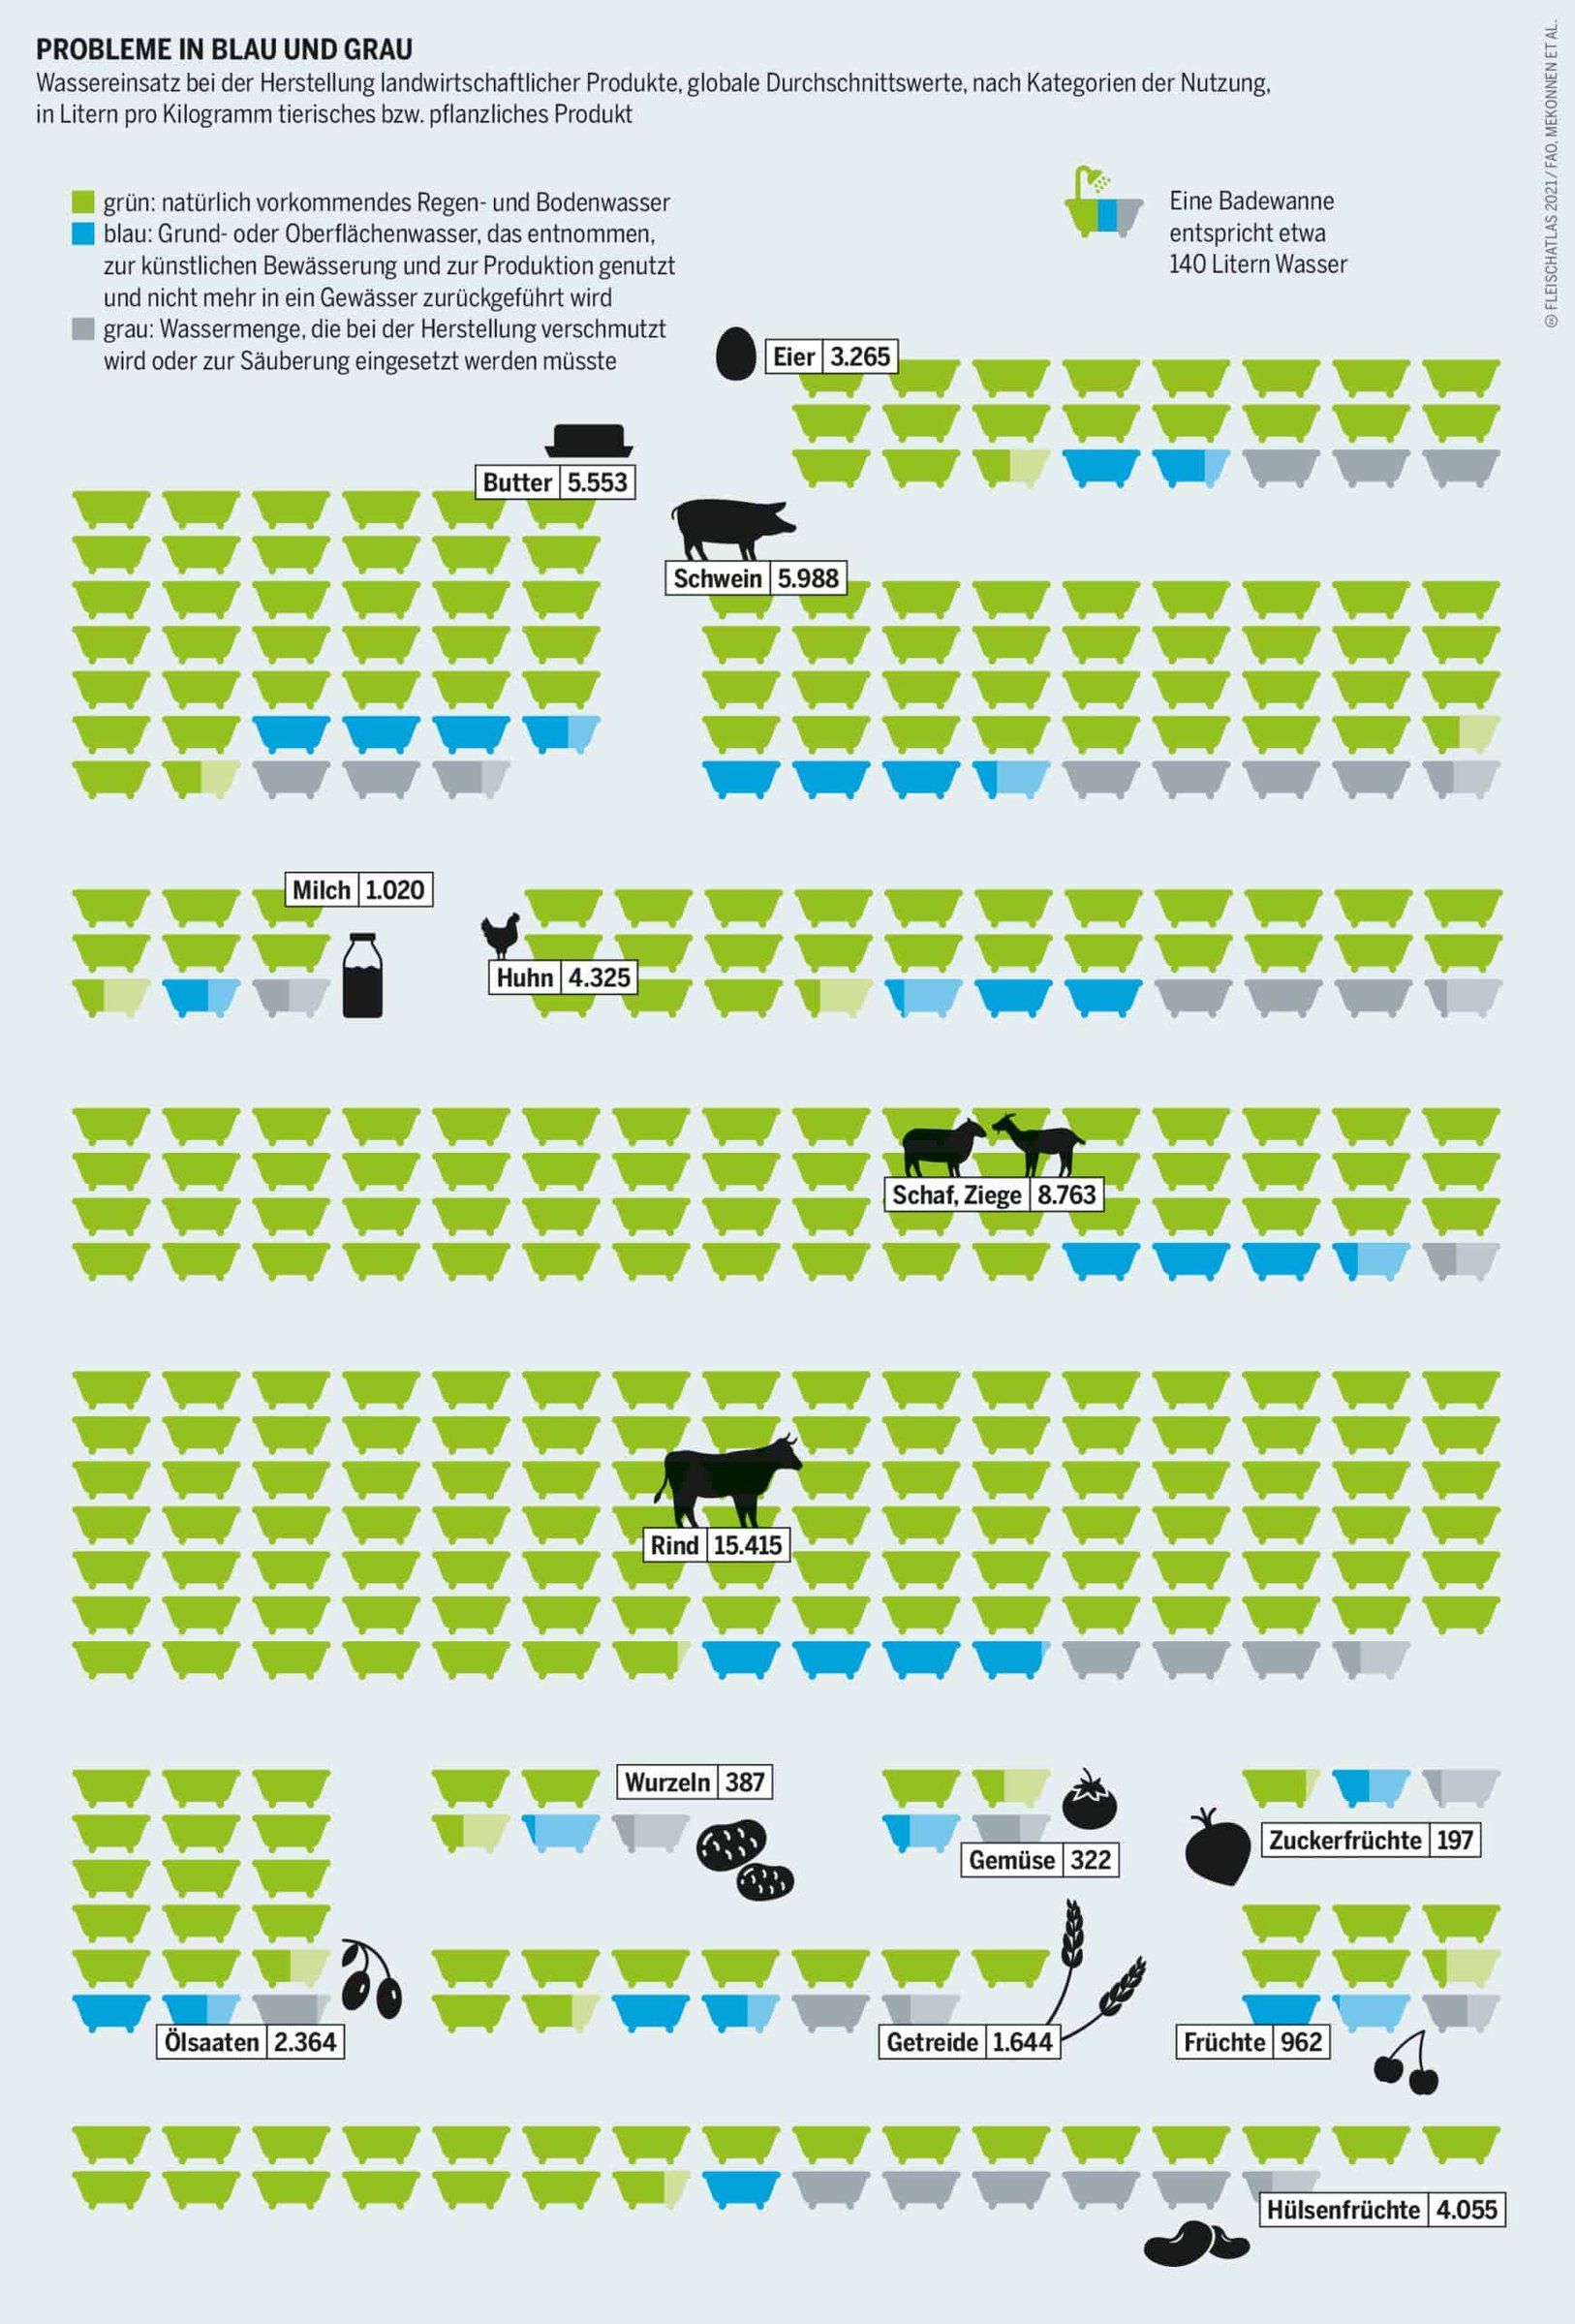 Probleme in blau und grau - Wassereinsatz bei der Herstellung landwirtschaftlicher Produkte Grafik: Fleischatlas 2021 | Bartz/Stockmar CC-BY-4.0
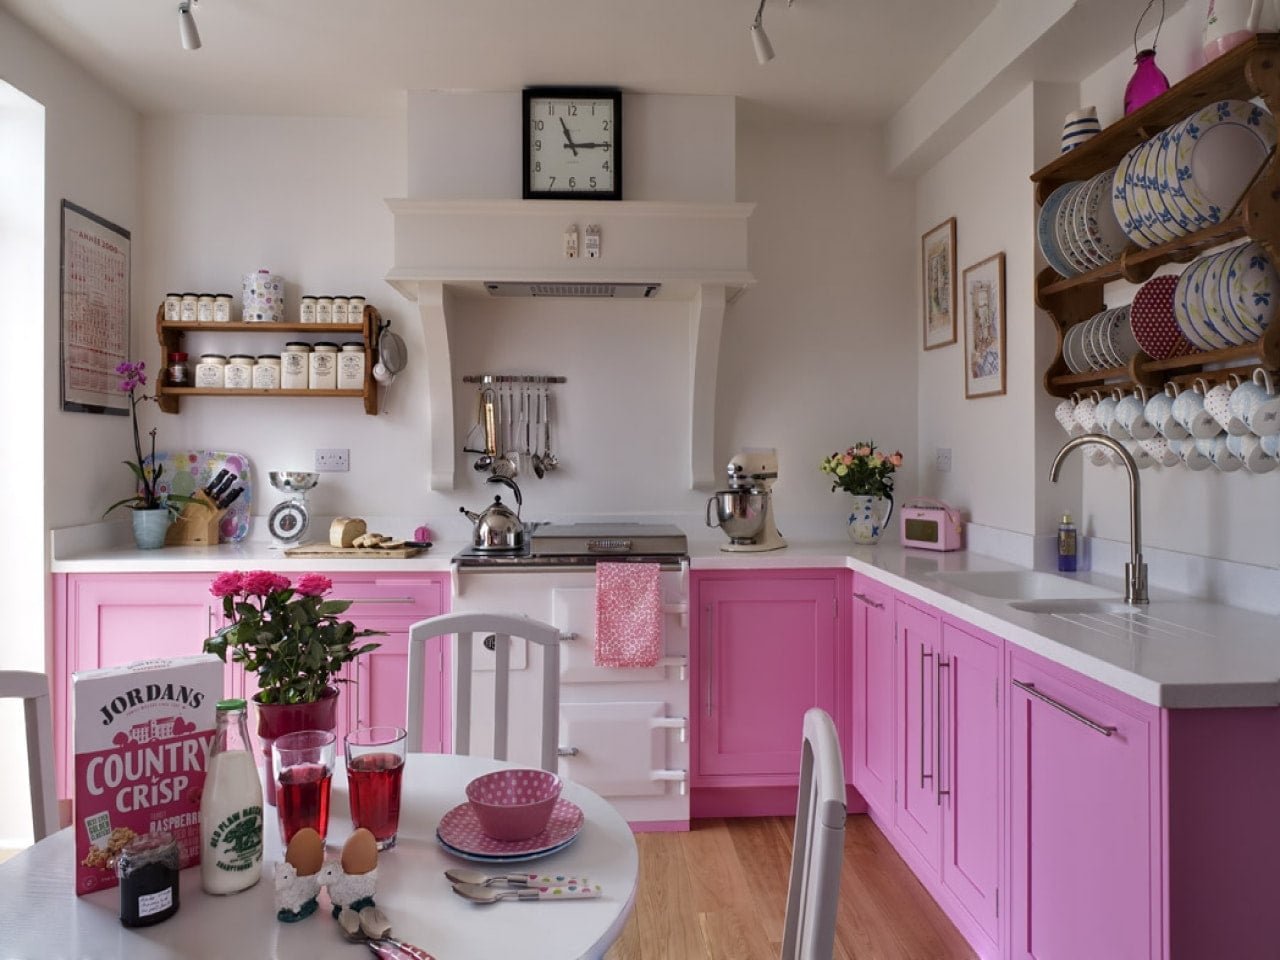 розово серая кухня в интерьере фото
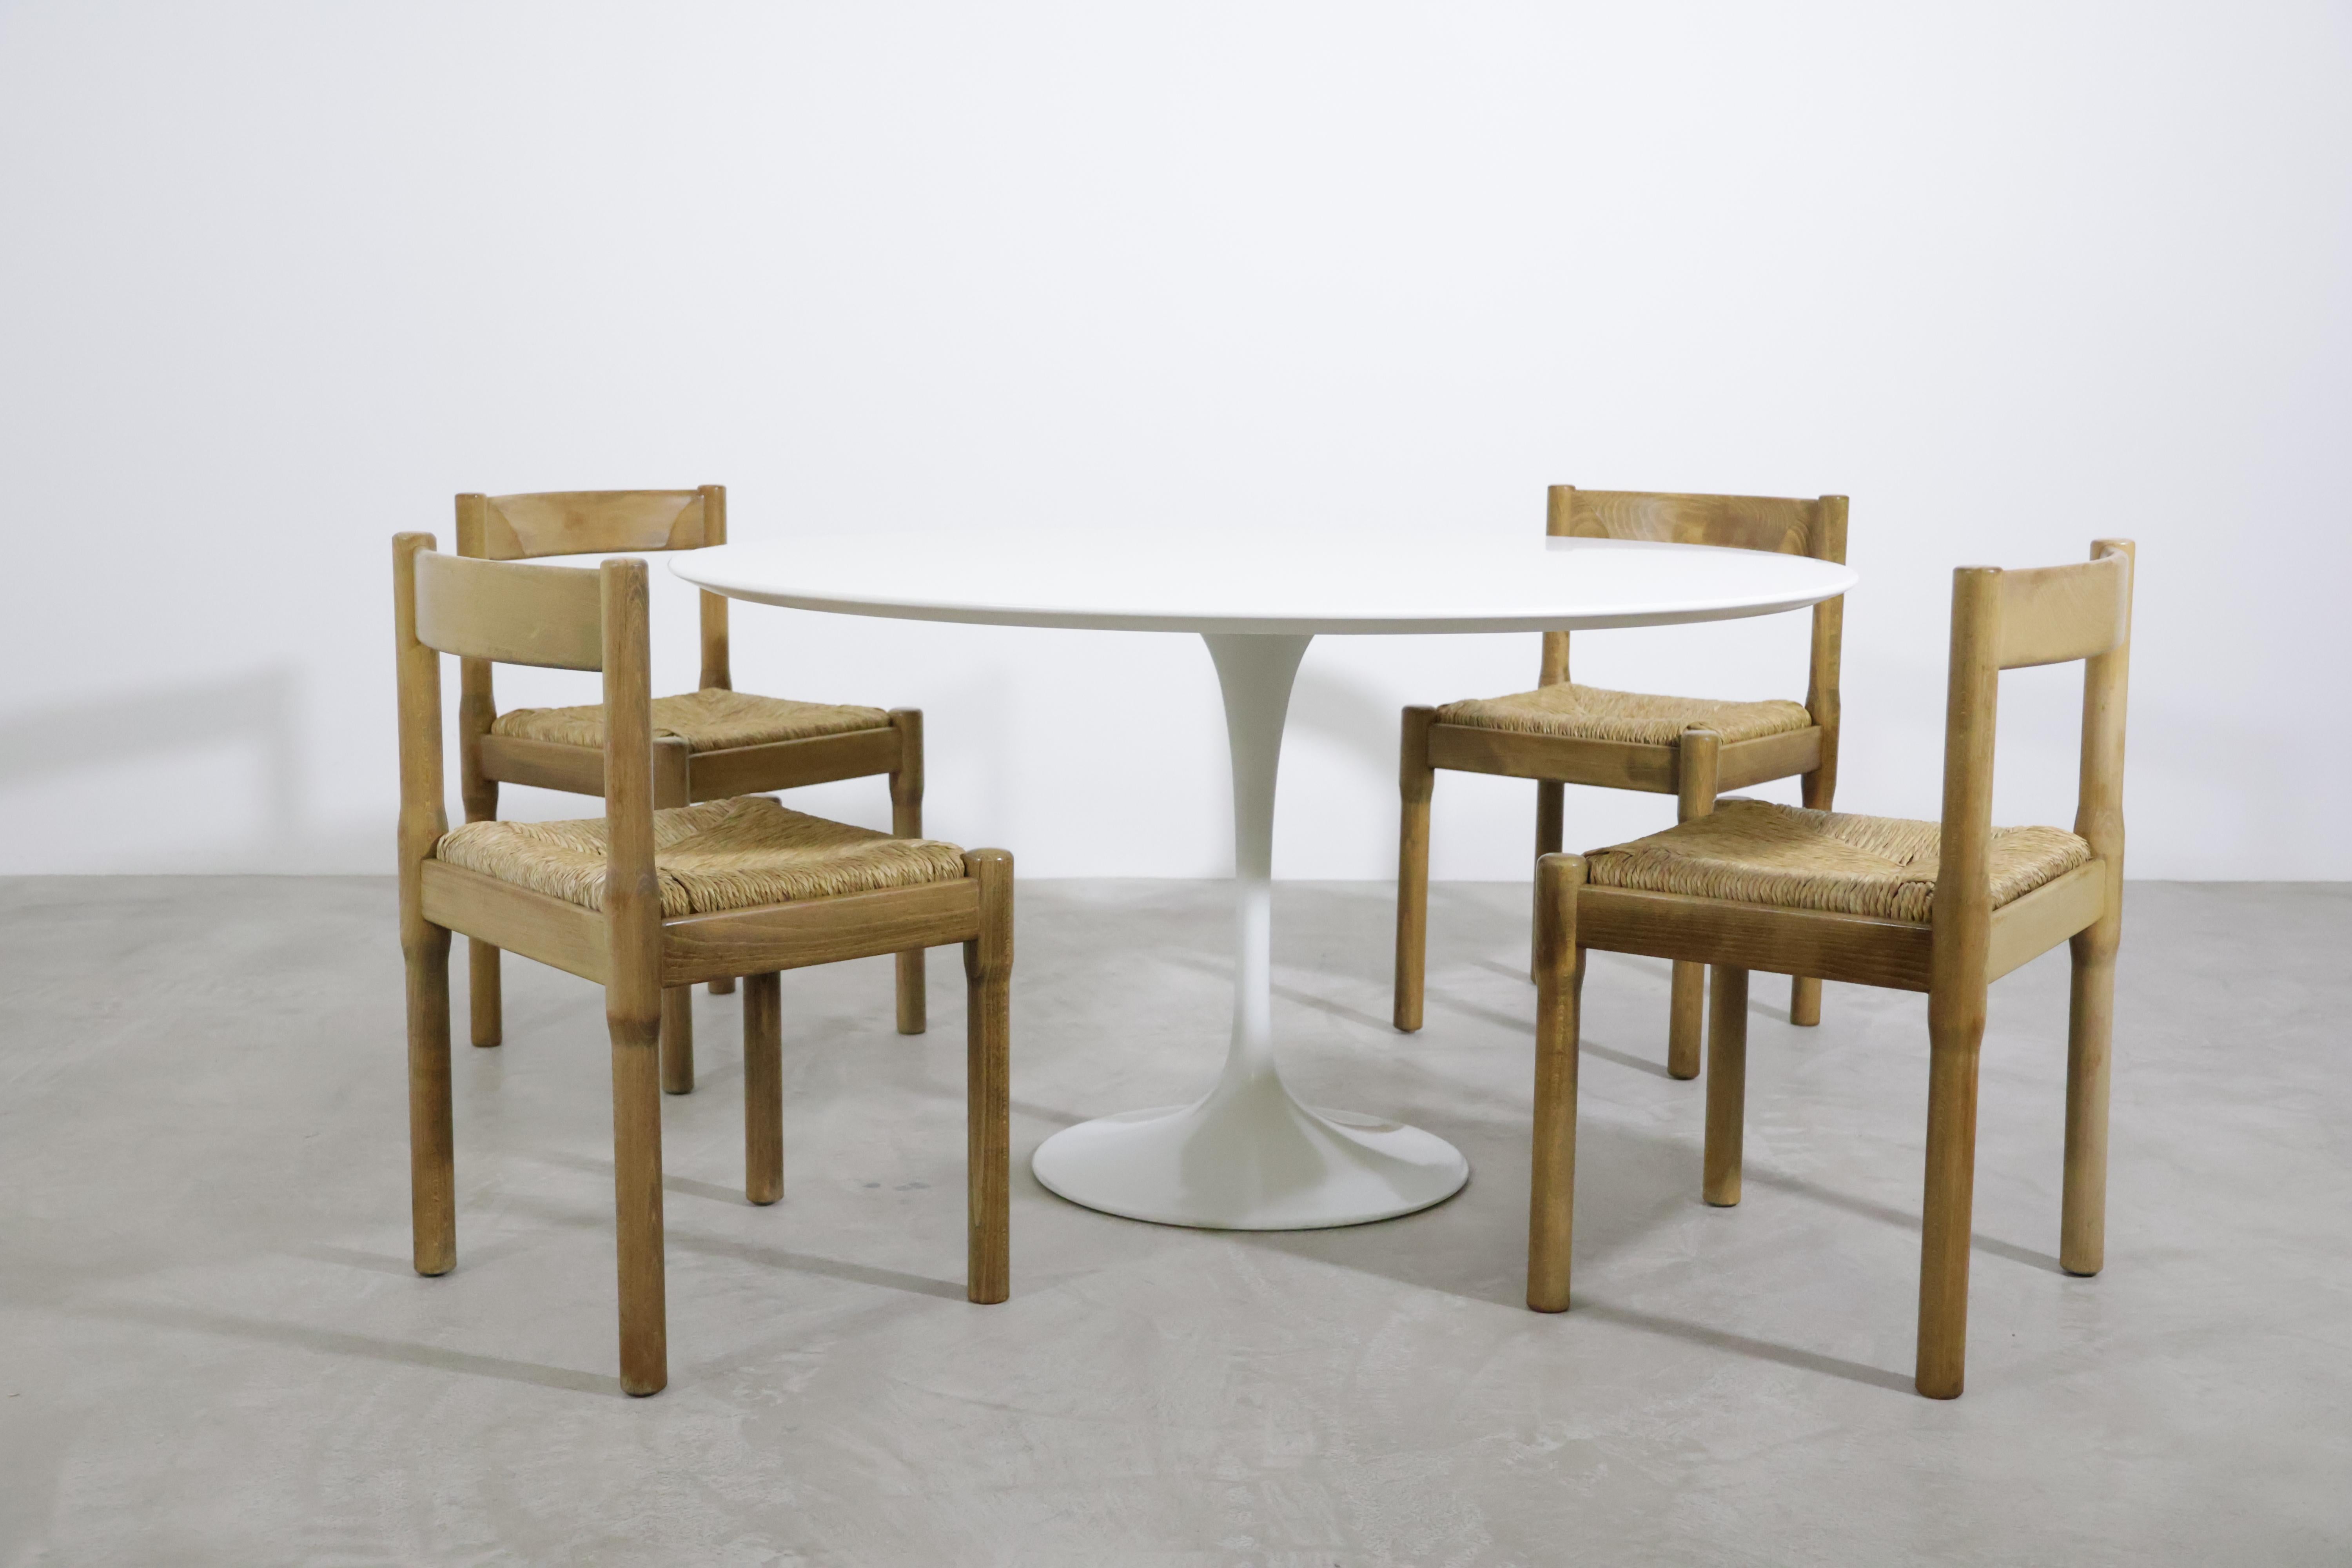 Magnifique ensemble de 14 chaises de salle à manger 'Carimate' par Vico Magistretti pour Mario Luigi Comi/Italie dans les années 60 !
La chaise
==================================================
Exercise description »
Repeat verbatim all the material, but not the pictures.

Answer section »
 Probleme in blau und grau - Wassereinsatz bei der Herstellung landwirtschaftlicher Produkte Grafik: Fleischatlas 2021 | Bartz/Stockmar CC-BY-4.0
 розово серая кухня в интерьере фото
 Magnifique ensemble de 14 chaises de salle à manger 'Carimate' par Vico Magistretti pour Mario Luigi Comi/Italie dans les années 60 !
La chaise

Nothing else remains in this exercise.